Figure 5A,B depicted the phylogenetic relationships among the wild eggplant species and the barcodes obtained from Kim matK, and ITS2 sequences, respectively. The phylogeny was established using a maximum likelihood tree (MLT) in a K2P model with bootstrap–1000. The MLTs distinctly categorized the 13 eggplant species into four major monophyletic groups. CHB–WEP–13, CHB–WEP–1, and CHB–WEP–2 were consistently categorized under Groups I, II, and III in the phylogeny at the Kim matK, and ITS2 region.

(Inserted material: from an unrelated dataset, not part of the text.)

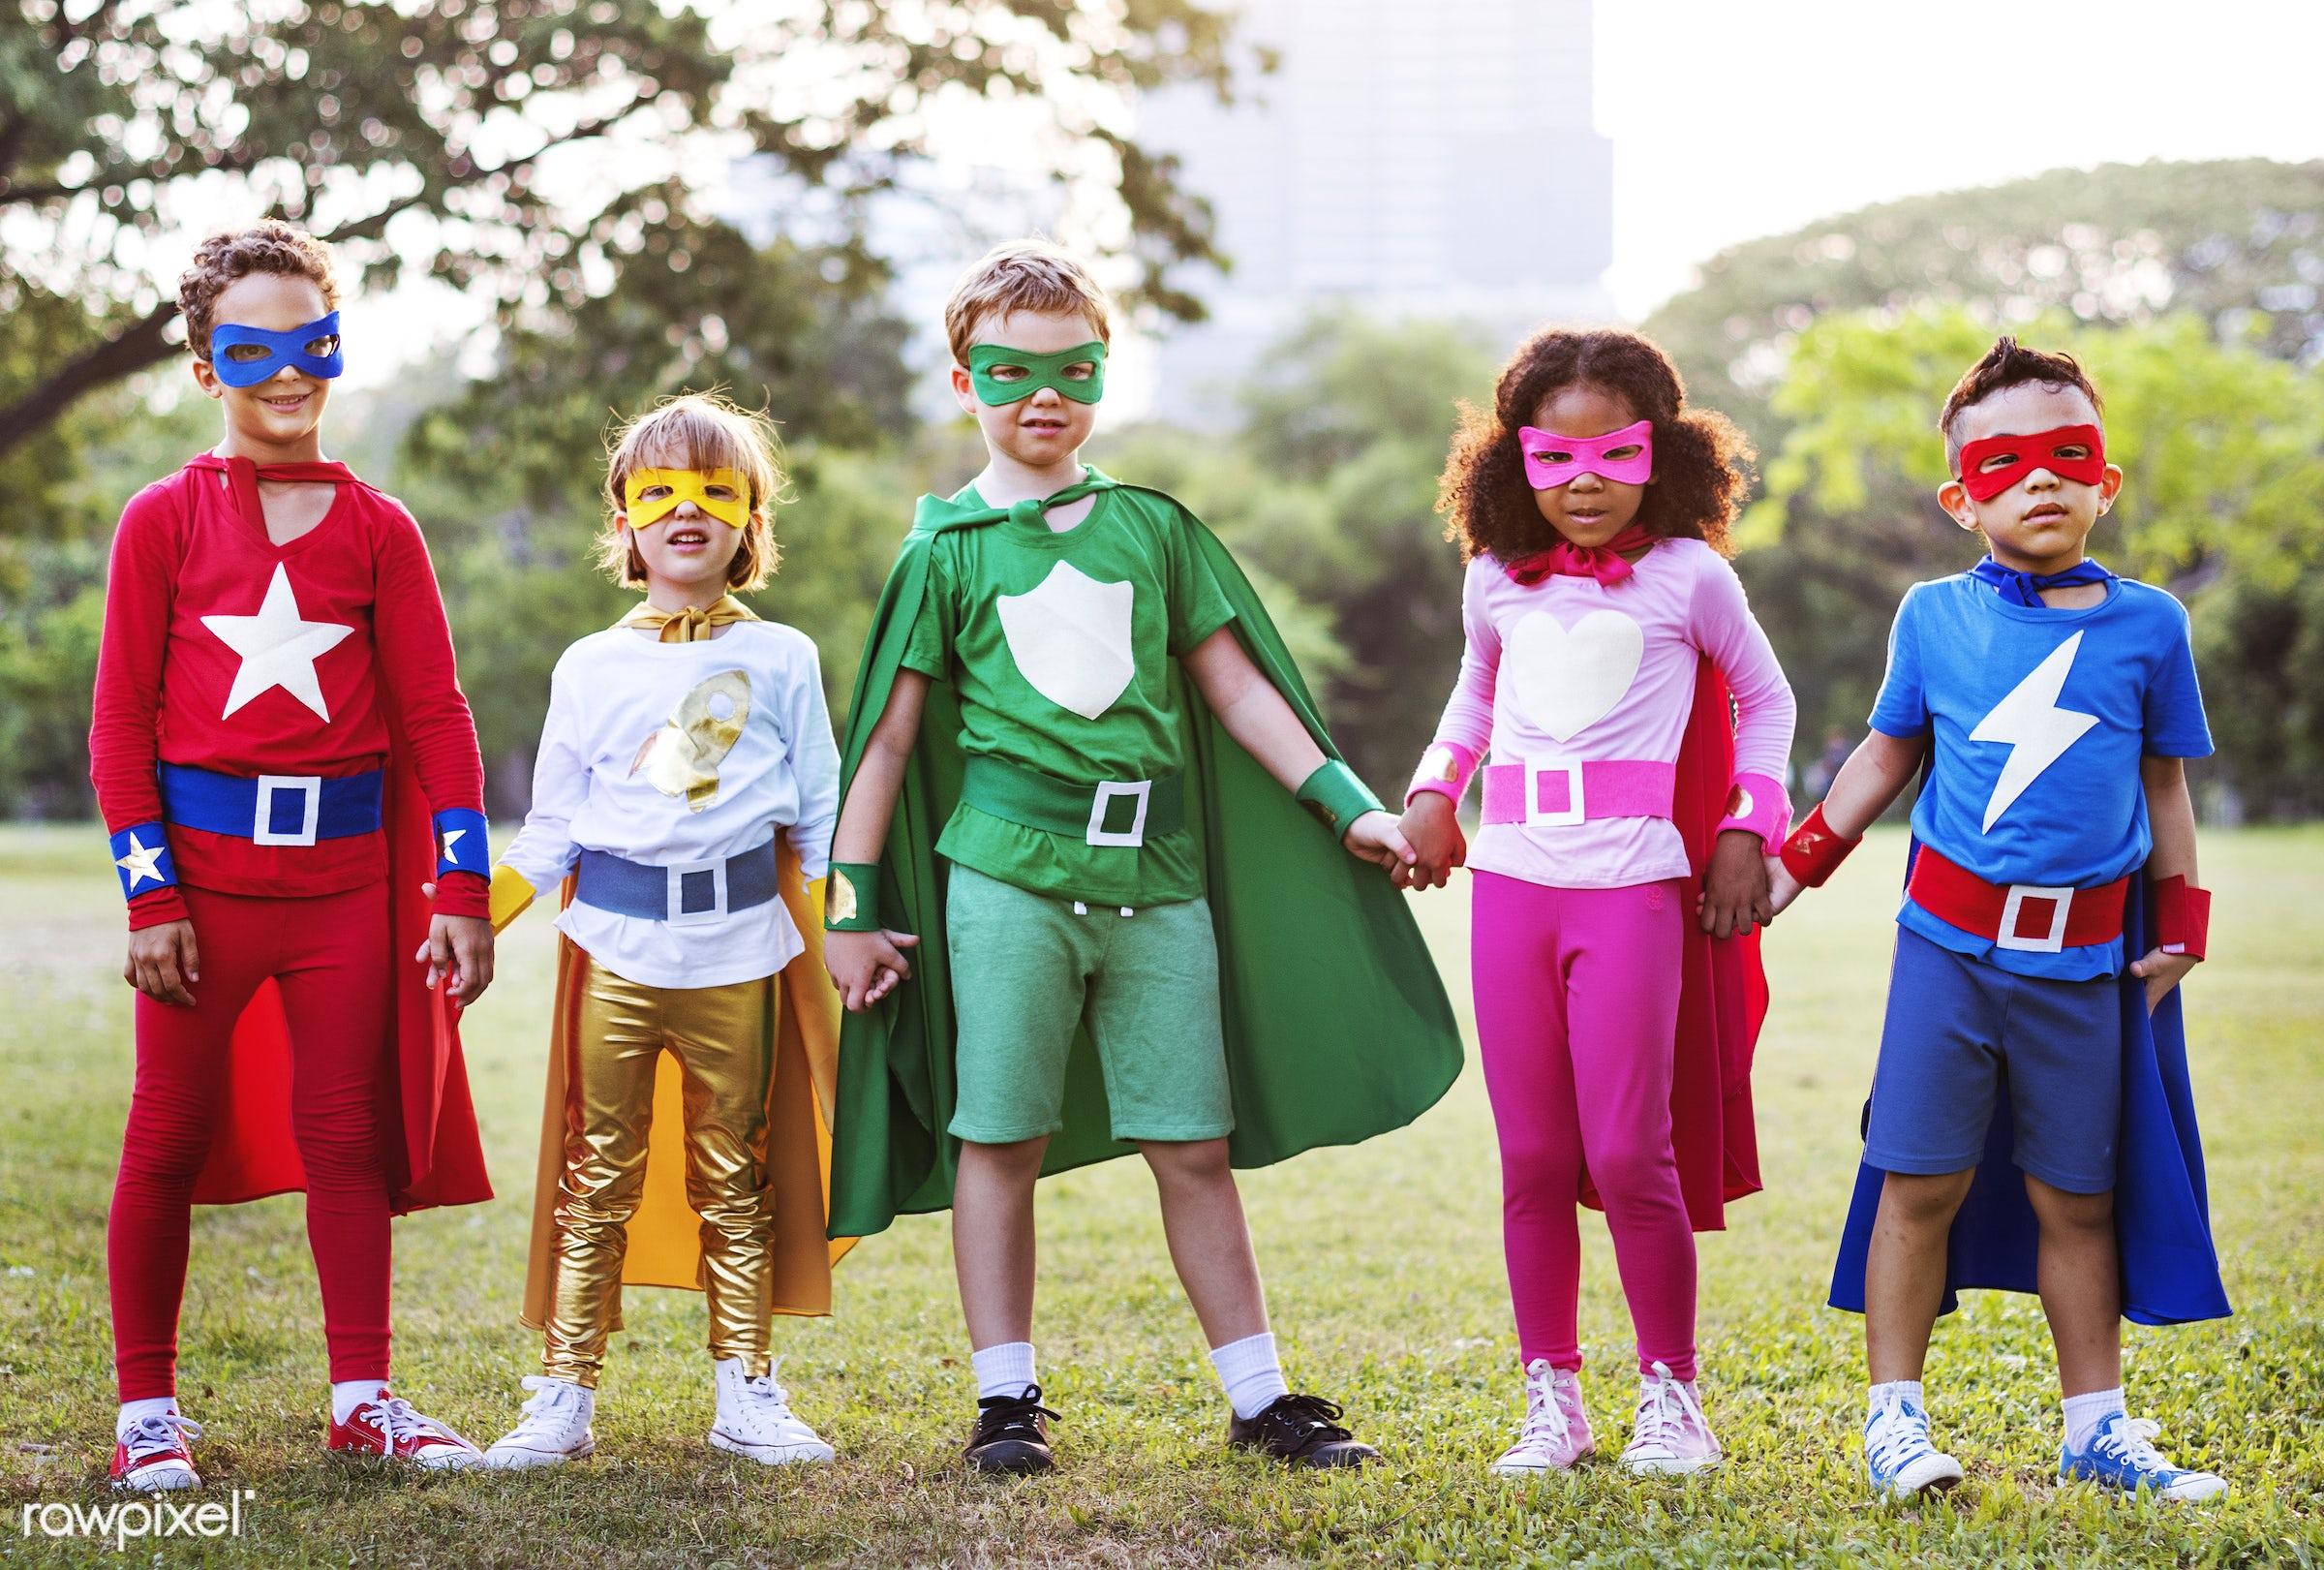 superhero, african descent, asian ethnicity, aspirations, boys, brave, cheerful, child, childhood, children, costume, dream...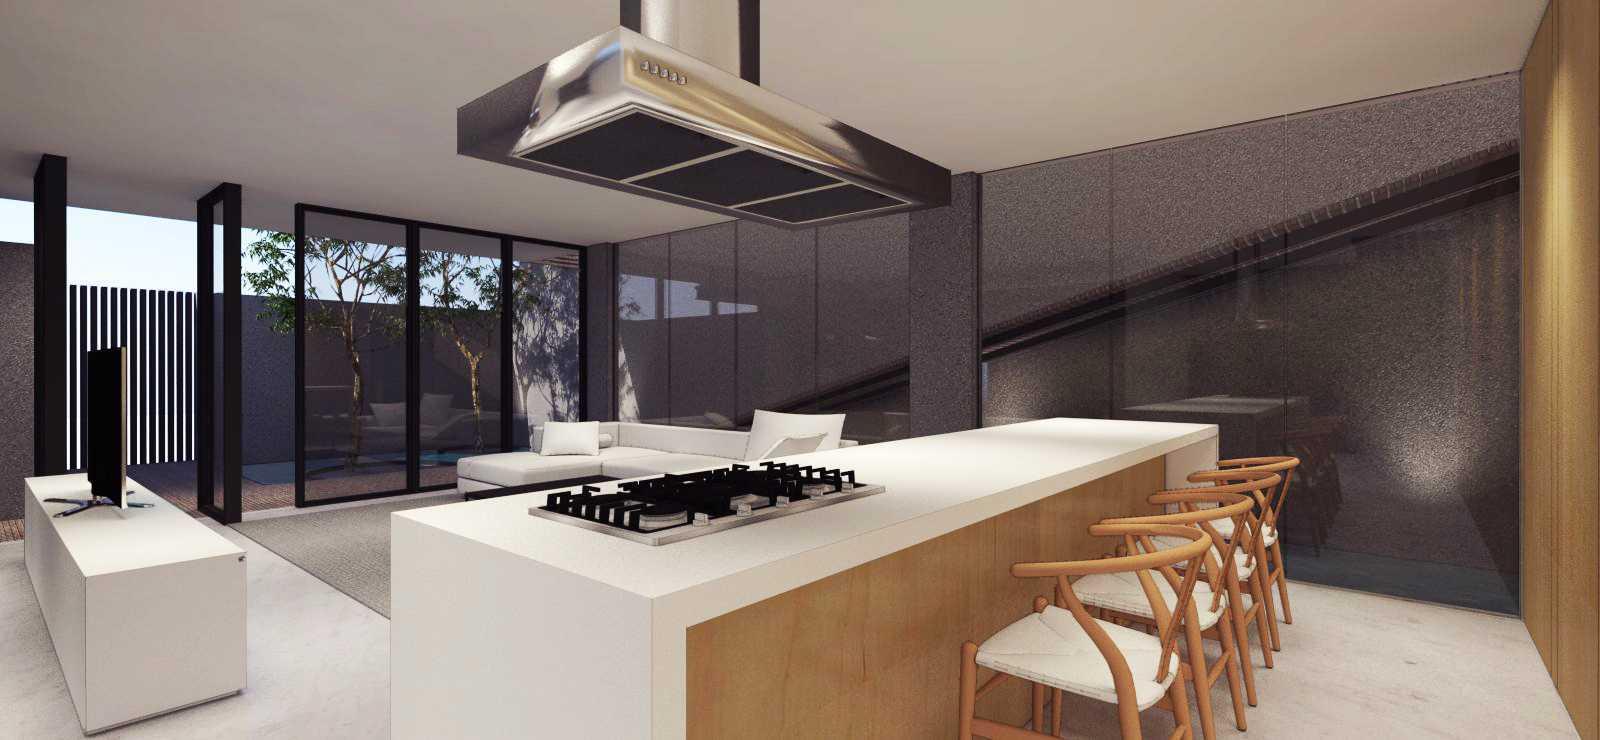 Ari Wibowo Design (Aw.d) Sn House Banten Banten Kitchen Modern  14531

CHB–WEP–10, CHB–WEP–11, and CHB–WEP–12 appeared together in one clade (cluster IV). However, ITS2 MLT confirmed the similarities of CHB–WEP–13 with CHB–WEP–4, 5, and 7. The MLT based on Kim matK locus data, CHB–WEP–1, showed similarities with CHB–WEP–3, 7, and 9. Groups I and IV are categorized under scarlet complexes S. aethiopicum, S. trilobatum, and S. melongena (wild and cultivated). Whereas Group II represented the gboma clade (S. macrocarpon, S. wrightii, S. sisymbriifolium, and S. aculeatissimum). However, the intermediate Group III includes S. mammosum, and S. torvum with unique features in fruit shape and size.

Figure 5
figure 5

Maximum likelihood tree and DNA barcodes obtained from Kim matK (A) and ITS2 (B) sequences depicting the relationship among 13 eggplant wild relatives. The bootstrap scores (1000 replicates) were shown (≥ 50%) for each branch.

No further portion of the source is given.